Suboptimal performance validity was defined by below criterion performance on two out of the following three performance validity measures: Trial 2 of the Test of Memory Malingering (TOMM), reliable number span (modified due to use of the UDS Number Span task), and Neuropsychological Assessment Battery (NAB) List Learning Recognition Hits. Established cutoffs for defining performance validity failure on these measures were used but are not disclosed here to preserve test integrity.

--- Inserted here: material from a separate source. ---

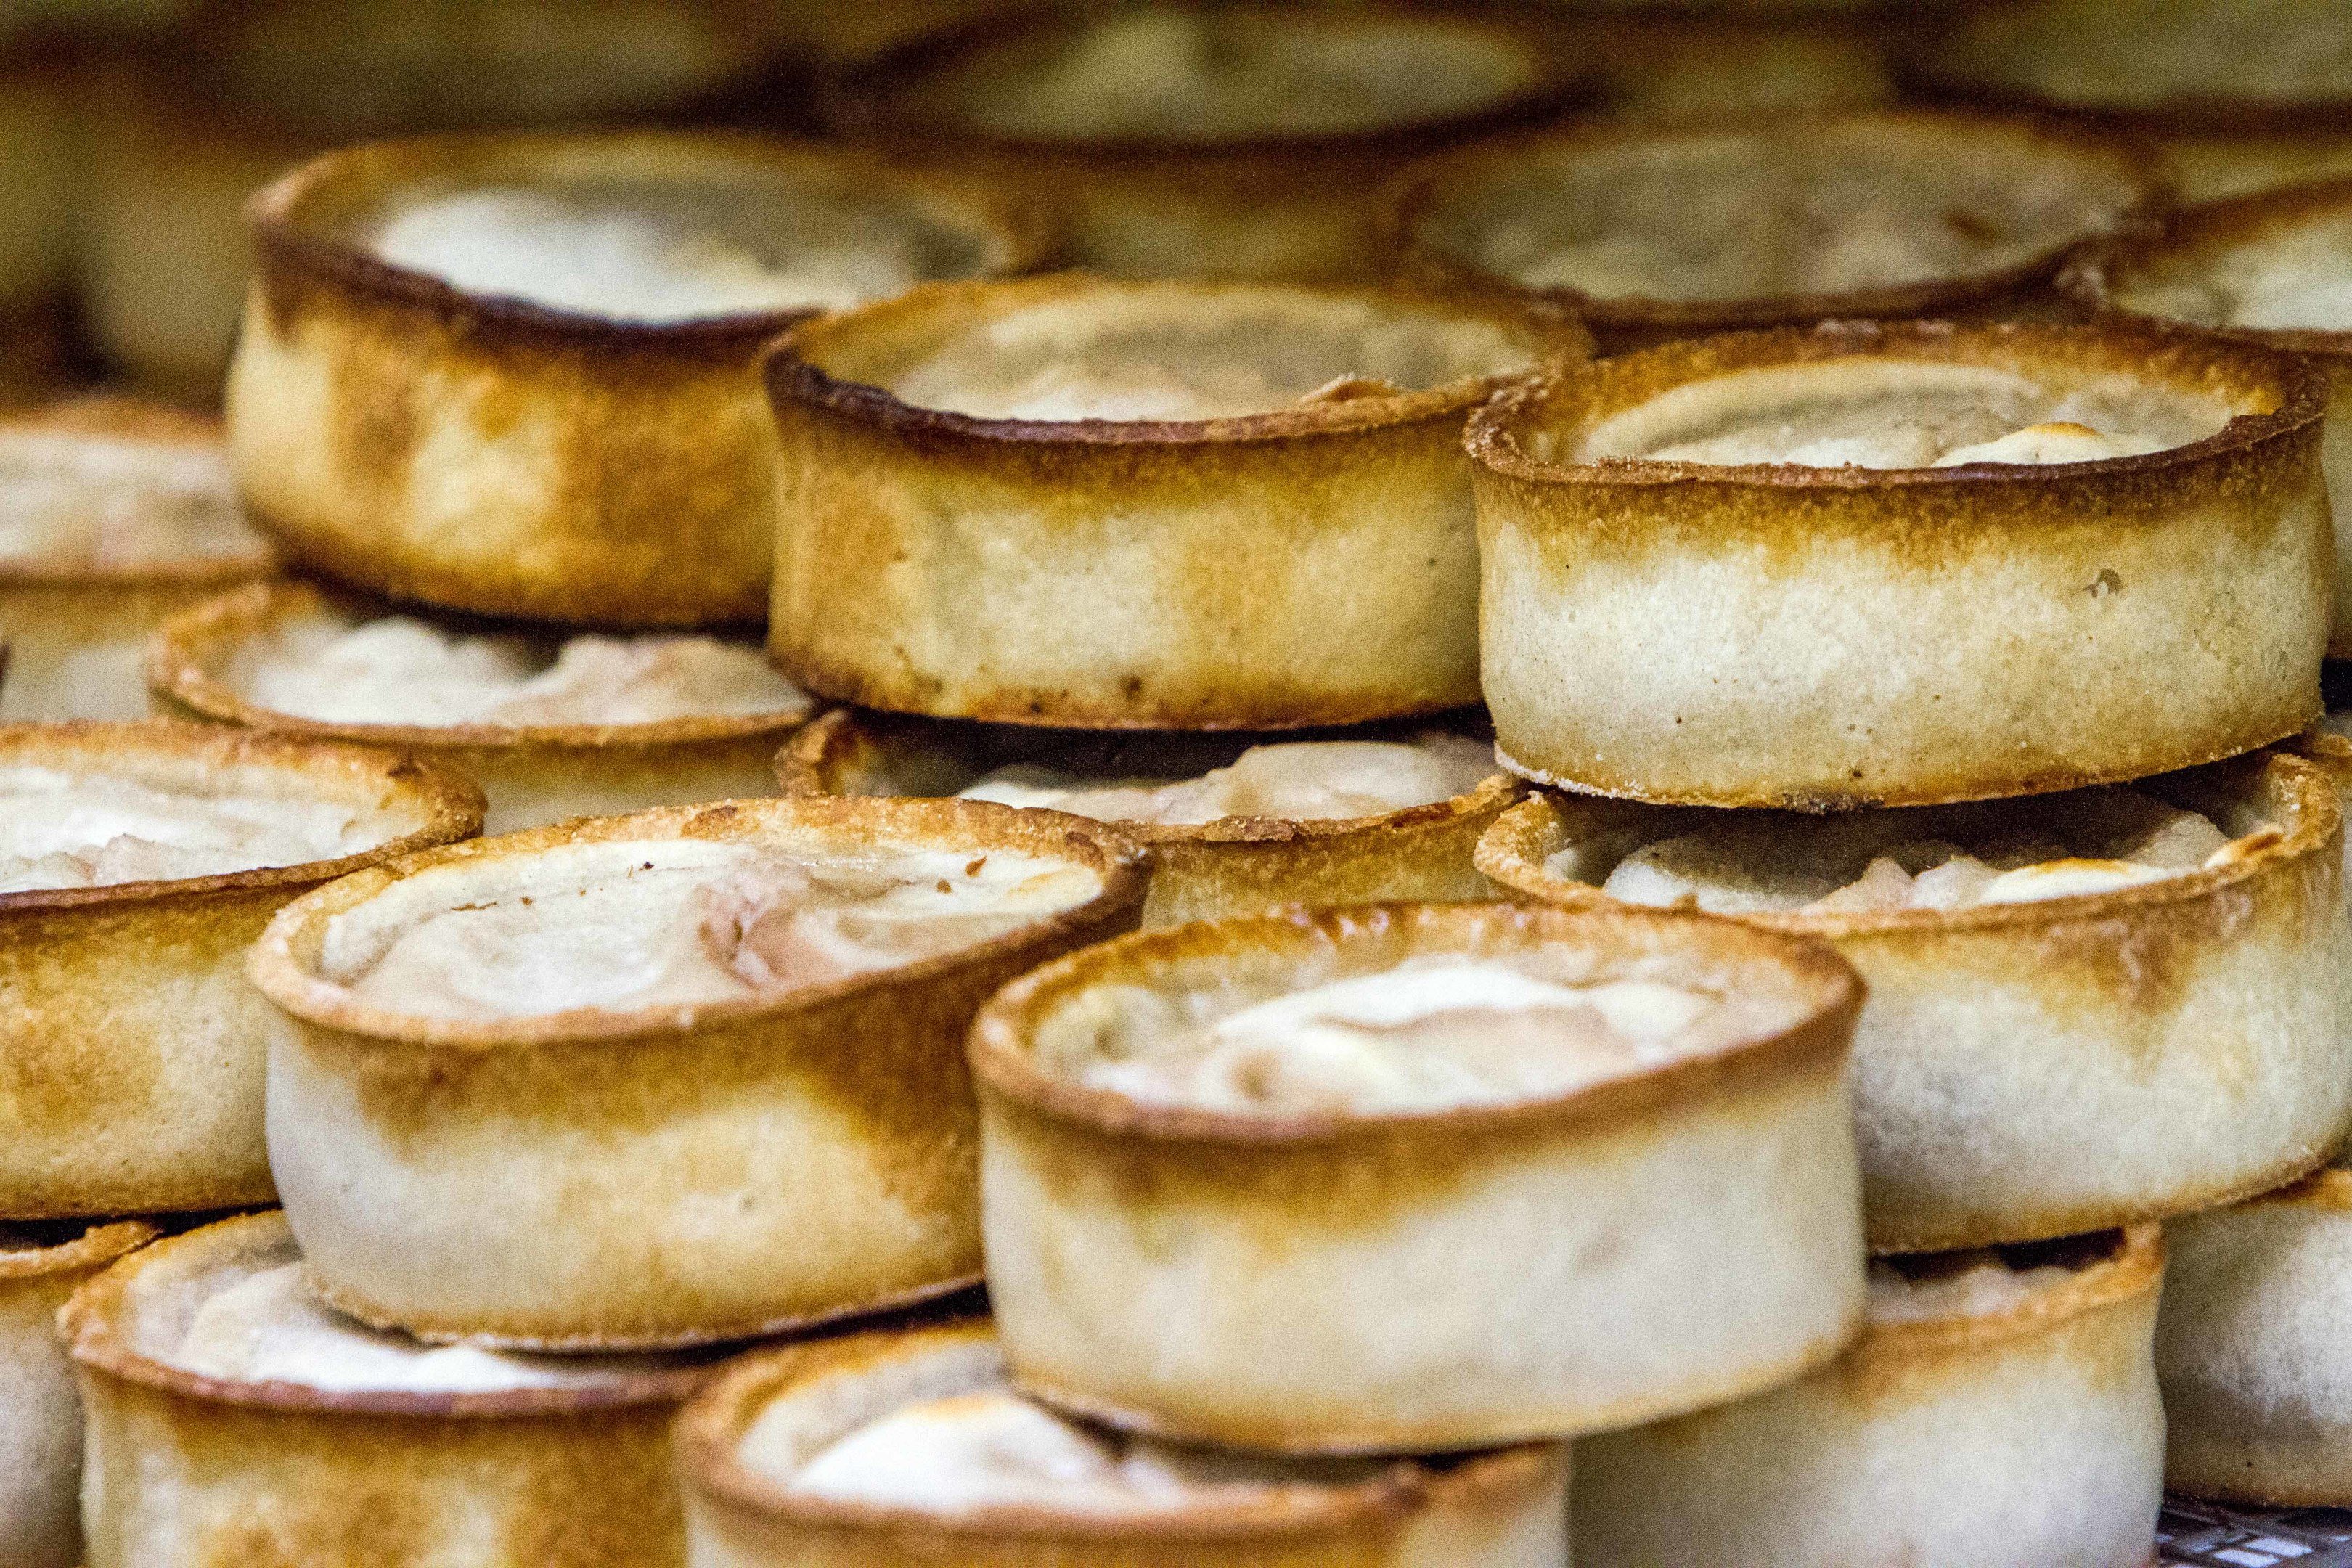 Pies. Lots of pies.

While failure of one performance validity test can be indicative of invalidity [32], our decision adheres to the revised Slick criteria (Sherman et al.) for identification of malingered neurocognitive dysfunction that advises failure of 2+ performance validity tests [33]. Of the sample with complete neuropsychological data, 10 (4.2%) had suboptimal performance on the TOMM, 8 (3.4%) had a below cutoff score on the reliable number span, and 50 (21.3%) fell below cutoff on the NAB Recognition Hits trial. Fifty (21.3%) failed at least one performance validity measure, six (2.6%) failed two, and only 2 (0.9%) failed all three. Of note, four participants had one performance validity test missing but were above the cutoff on the other two indices. Taken together, for the current sample, a total of 8 participants were excluded for suboptimal performance validity.

Sample characteristics

Semi-structured interviews were performed, supplemented by online questionnaires, to collect data on demographics, medical and psychiatric history, athletic history, and other variables not relevant to the present study. An aliquot of whole blood was used for APOE genotyping. Race and ethnicity were self-reported. A majority of the sample was Black or White. There was insufficient representation of other racial groups to statistically examine them separately. All racial groups are presented in Table 2.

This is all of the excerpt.